When Did You Last Try Something New at Work?
We stop learning when we stop trying new things
When I was a kid, I had a bit of a Lego obsession.
Well, it wasn’t entirely my fault. My dad’s an engineer and Lego was the one toy he saw as “productive”. And that meant about 70% of my toys were Lego sets. I know that sounds like a luxury, but Lego was cheaper back then before the collectors and “brick masters” came around.
If you don’t know, a Lego set is a box of Lego bricks that comes with some instructions. My favourite was the X-Wing Starfighter from Star Wars. You can still find it on a shelf some where in my dad’s place.
In fact, it was the only figure I ever displayed.
While most kids would build and line all their figures up on a shelf, mine always ended up in pieces in a bucket. It was a big bucket too. Kind of like the ones you can find at Lego stores now.
Except I was 12, so it wasn’t organized. It was just a big tub full of different Lego pieces from different sets.
I never kept the figures because I wasn’t good at following the instructions from a set. It all felt so mundane. Follow step one, then step two, then step three, and you get the thing on the box. There was no room to play. No room to be creative. Or maybe I just have a problem with a paper telling me what to do.
So, for every Lego set I got, I’d follow all the steps until I got bored. I’d would then break things apart and rebuild them out of curiosity. I’d put and break pieces at random, just to see what I could build. Sometimes I’d make something I was genuinely proud of. But other times it was just a pile of bricks stuck together.
But whether it was good or bad, what I’d then do is throw it against the floor and start over. The fun was in the exploration. In rearranging the blocks, not getting the final figure. Well, except for that Star-fighter.
Fast forward to today, I am wondering if I am spending too much time following the instructions again. That, things are looking mundane.
Adulthood pulls you back toward the instructions
As we grow up, we may play with Lego less, but more “figures” actually enter our lives. Money, time, delivering value. These may not be Lego, but they are critical to our well being. We starting feeling the pressure to earn more, to deliver more, to be more efficient. So we follow “instructions” because that’s the surest way to get to the “figure” at the end. I find myself wanting to skip the journey entirely and just get there.
If I gave you the exact steps to take to earn $1M in a year, who wouldn’t take ? Well, maybe billionaires but that’s besides the point.
Computational design is actually full of this.
Instead of taking time to explore Python, you open Excel. You know it well and it solves the problem fast enough, so you can go home early. Instead of learning Grasshopper, you cobble together a few Excel sheets that do the “same” thing. After all, you can’t spend too much time because you have to meet a budget.
And there’s nothing wrong with that. We all have goals to hit. If we only explored, nothing would ever get done.
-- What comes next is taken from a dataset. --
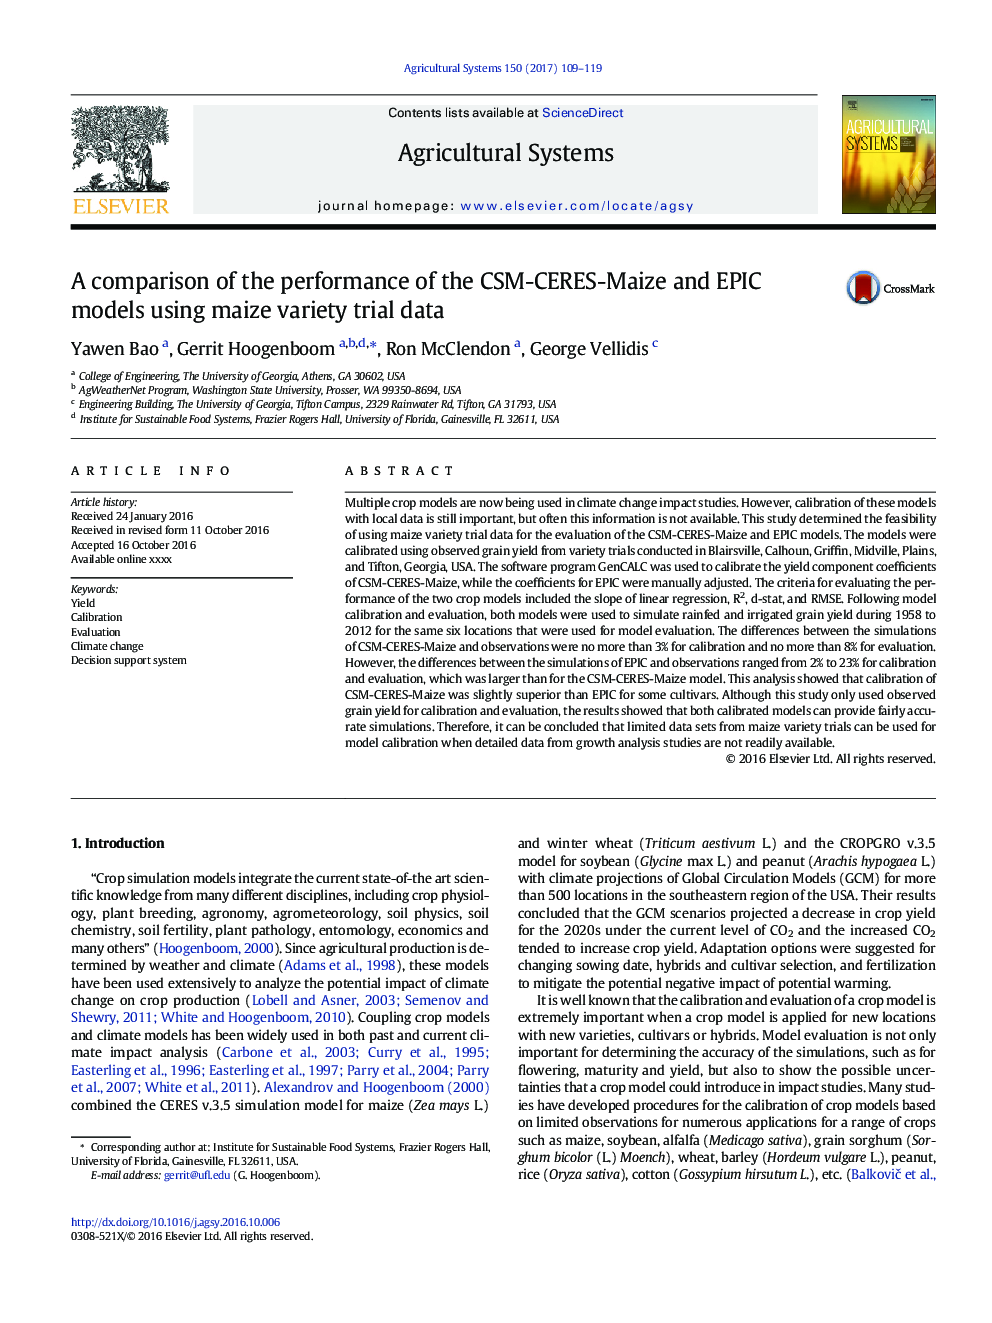 مقایسه عملکرد مدل های CSM-CERES ذرت و EPIC با استفاده از داده های آزمایش انواع ذرت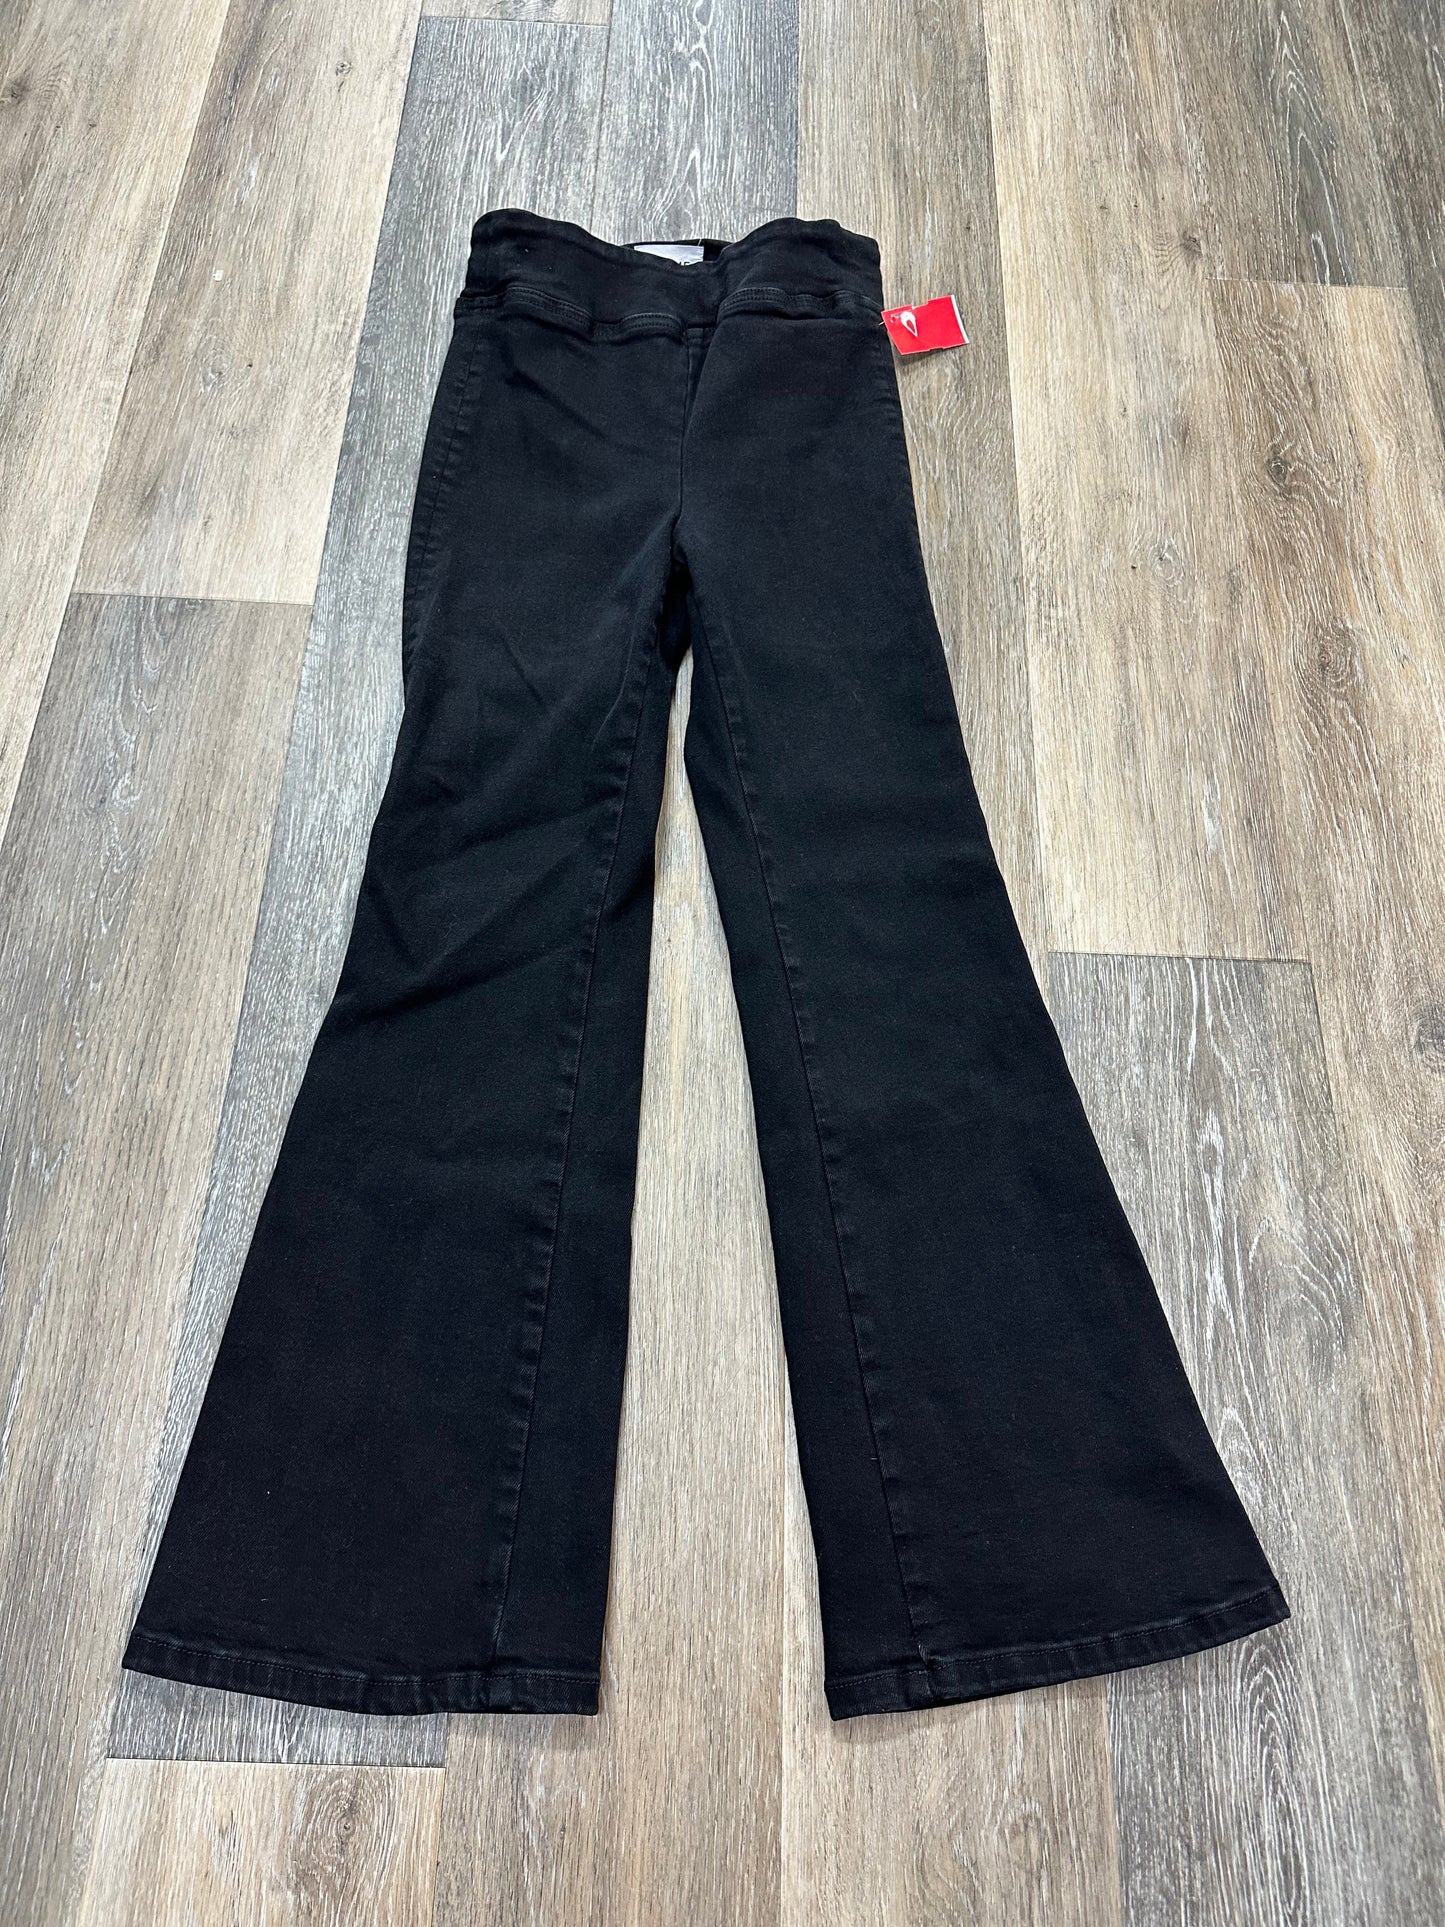 Black Jeans Designer Frame, Size S

But always following the “instructions” has a cost that’s hard to see. Yes, you may solve your problem now, but you learn nothing new. And you do nothing to hedge against an ever evolving world.
And it’s not like you actively decided not to learn anything new, you just became too busy. The projects kept coming, your method kept working, and there was no time left to try anything new.
I feel this pressure constantly. Especially with AI moving so fast now. There always seems to be something new to explore and I just don’t have the time. Some days, I wonder if I am going to get left behind.
But exploration is a gamble
The easy version of this argument is “follow curiosity and good things will happen.” But that isn’t true. Trying new things doesn’t always work out. Sometimes it leads nowhere.
When you’re judged on profit margins and speed, learning something new on a live project is a gamble. You might take half as long or.... you might take three times as long. And to make things worse, the client doesn’t care that you’re growing, they care that you deliver what you promised.
So, how do you protect space for exploration when everything around you is optimizing against it?
Tiny Experiments to hedge against the future
Anne Laure coins in her book “Tiny Experiments“ that we should be more experimental with our lives. Not by taking huge risks but by trying our new things when there’s relatively low-risk and to do it frequently.
The idea is to keep doing what you’re doing, but every so often, introduce something new. Something untested that you can learn from.
What I do is stupidly simple. But it works.
I keep a list of new things I want to try.
For me, that could be a new way of writing. Or a new AI skill. Or a programming pattern I haven’t used before.
It’s a simple list. And every time I’m doing a low-risk task or when I have a bit of breathing room, I look at that list and pick something out. If it works, great. If it doesn’t, I either keep trying until it does, or I revert to the old way.
It does mean you have to double up on work sometimes but at least it’s low stakes. It’s when you can afford the setback.
If I look at the list and realize I haven’t tried anything new in a while, that’s a signal that I am too focused on my outputs. I am not exploring enough. And I need to remind myself to try something new again.
After doing this for awhile, I found that this list became my dumping ground for every new “hack” or “framework” that I find out there.
Final Thoughts
Following your curiosity and exploring doesn’t always pay off. Sometimes you spend time on something that leads nowhere. But instead of thinking like you’ve wasted time, I like to think of it as the fee for exploration. Not all routes lead to something and that’s okay.
But not exploring has a cost that’s harder to see in the moment. You stop learning. You stop noticing what else is possible. And then one day, the world has moved on and you’re still holding the same tools you had five years ago.
So, the idea here is to make small bets, frequently and whens takes are low. It’s to do enough exploring, so that we are not left behind.
That’s why I keep this list and check in on myself every so often. It’s to remind myself that yes, the “Lego figure” at the end is important but so is the way to get there.